Elevated concentrations of activated C3 (C3c, C3d) were demonstrated in about one third of children with active oligoarthritis (a lower frequency than in children with systemic arthritis or polyarthritis), possibly the result of activation of the alternative pathway. Circulating immune complexes are not characteristic of oligoarthritis.

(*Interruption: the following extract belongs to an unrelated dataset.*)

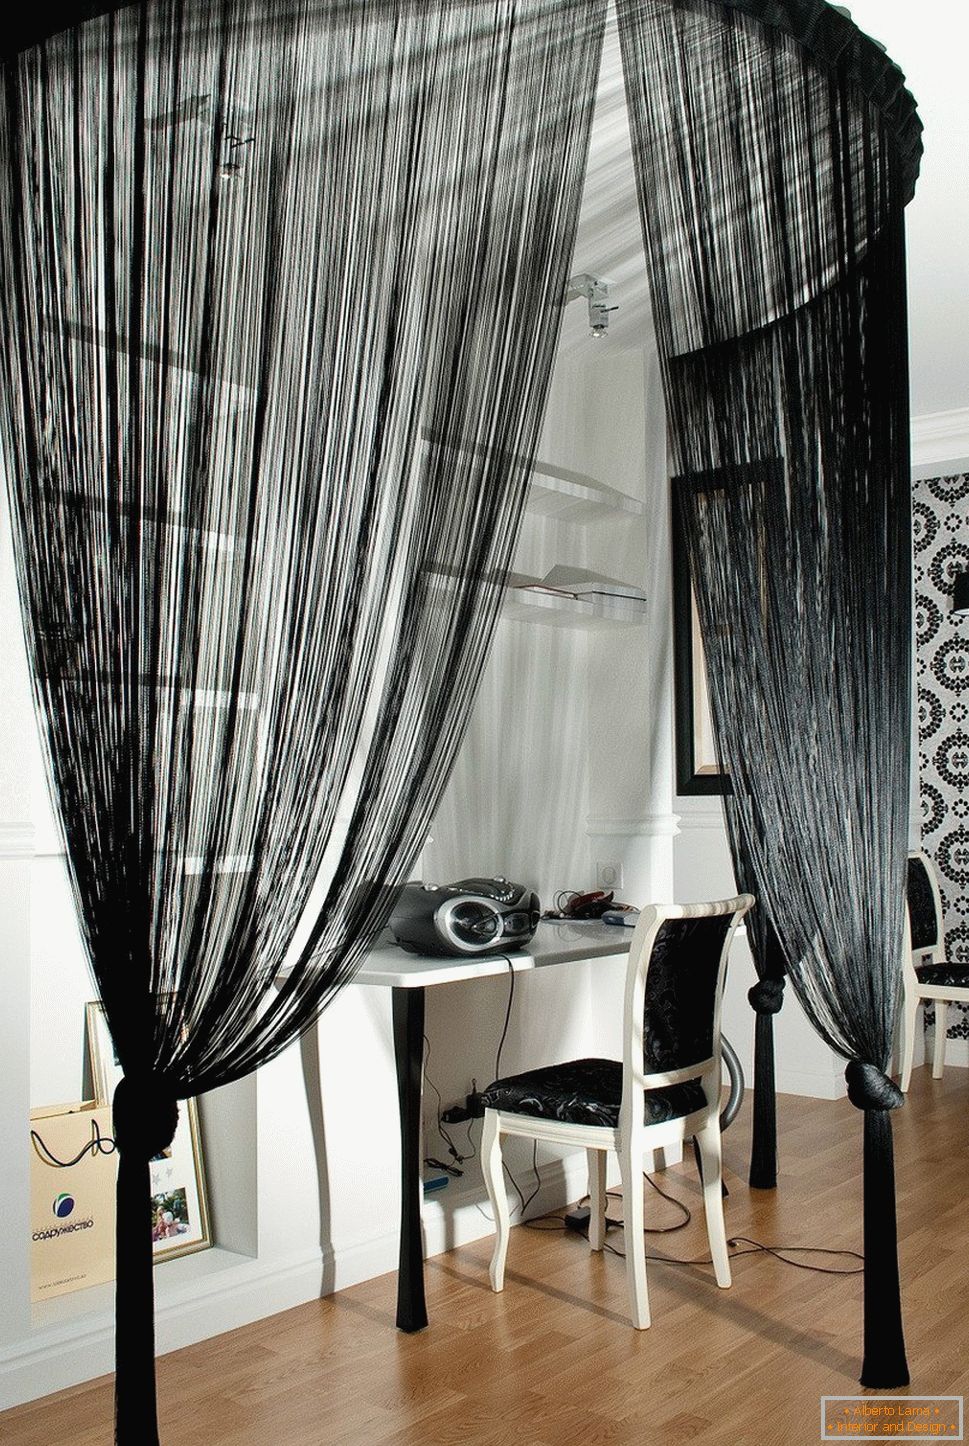 Interesting application of curtains
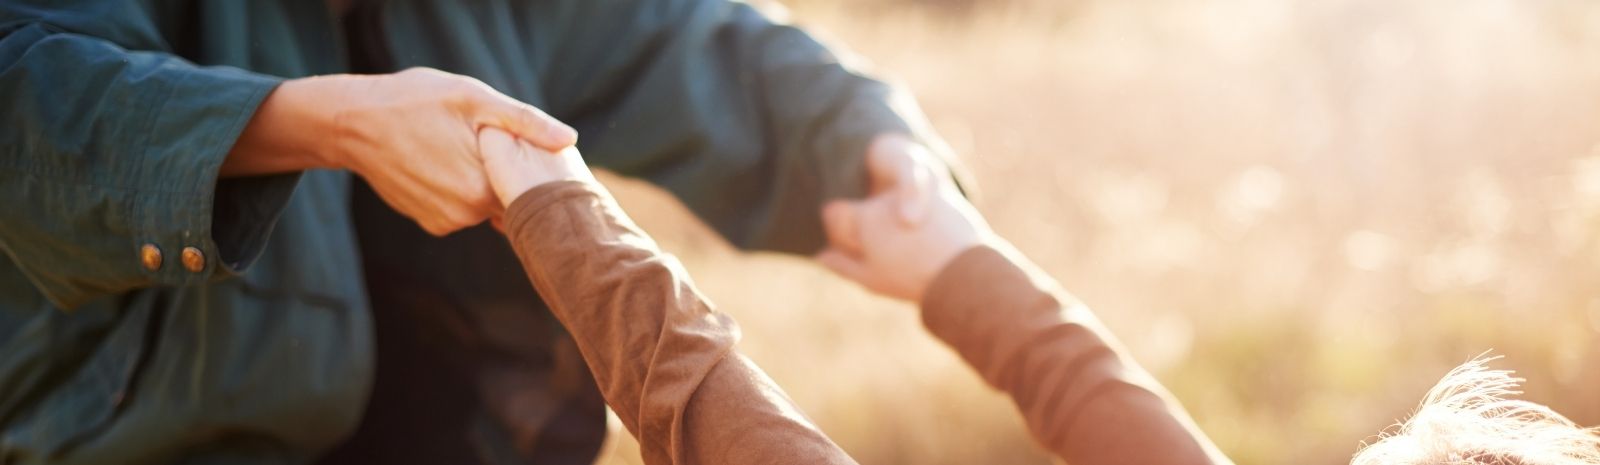 Cropped shot of two people holding hands while hiking outdoors

Routine synovial fluid analysis does not distinguish one type of JIA from another. The fluid is usually moderately inflammatory, with a cell count of 5 to 20,000 cells/mm 3 , mostly polymorphonuclear leukocytes. CD8+ cells constitute the predominant lymphocyte population. Specialized studies of the synovial fluid proteome have identified differences between JIA subtypes with elevations of antichymotrypsin, ceruloplasmin, Apo A-1, and haptoglobin in oligoarthritis, as compared with polyarthritis.
Radiographic Evaluation
The radiographic changes in oligoarthritis are similar to those seen on other kinds of arthritis, although often less frequent and less severe (see Chapter 9 ). In a follow-up study of 97 children with pauciarticular JRA, joint space narrowing was present in only 5% of children early in the disease course, increasing to approximately 15% at a median of 6.2 years after disease onset. Erosions were seen in 10% of children with early disease, and in approximately 25% of children 6 years later. Bone overgrowth was more common; it occurred in more than 20% of children early in the disease and slightly more frequently later in the disease course. Not surprisingly, overgrowth was most common at the knee ( Figs. 18-2 and 18-3 ). Advanced maturation, particularly at the wrist, may also occur.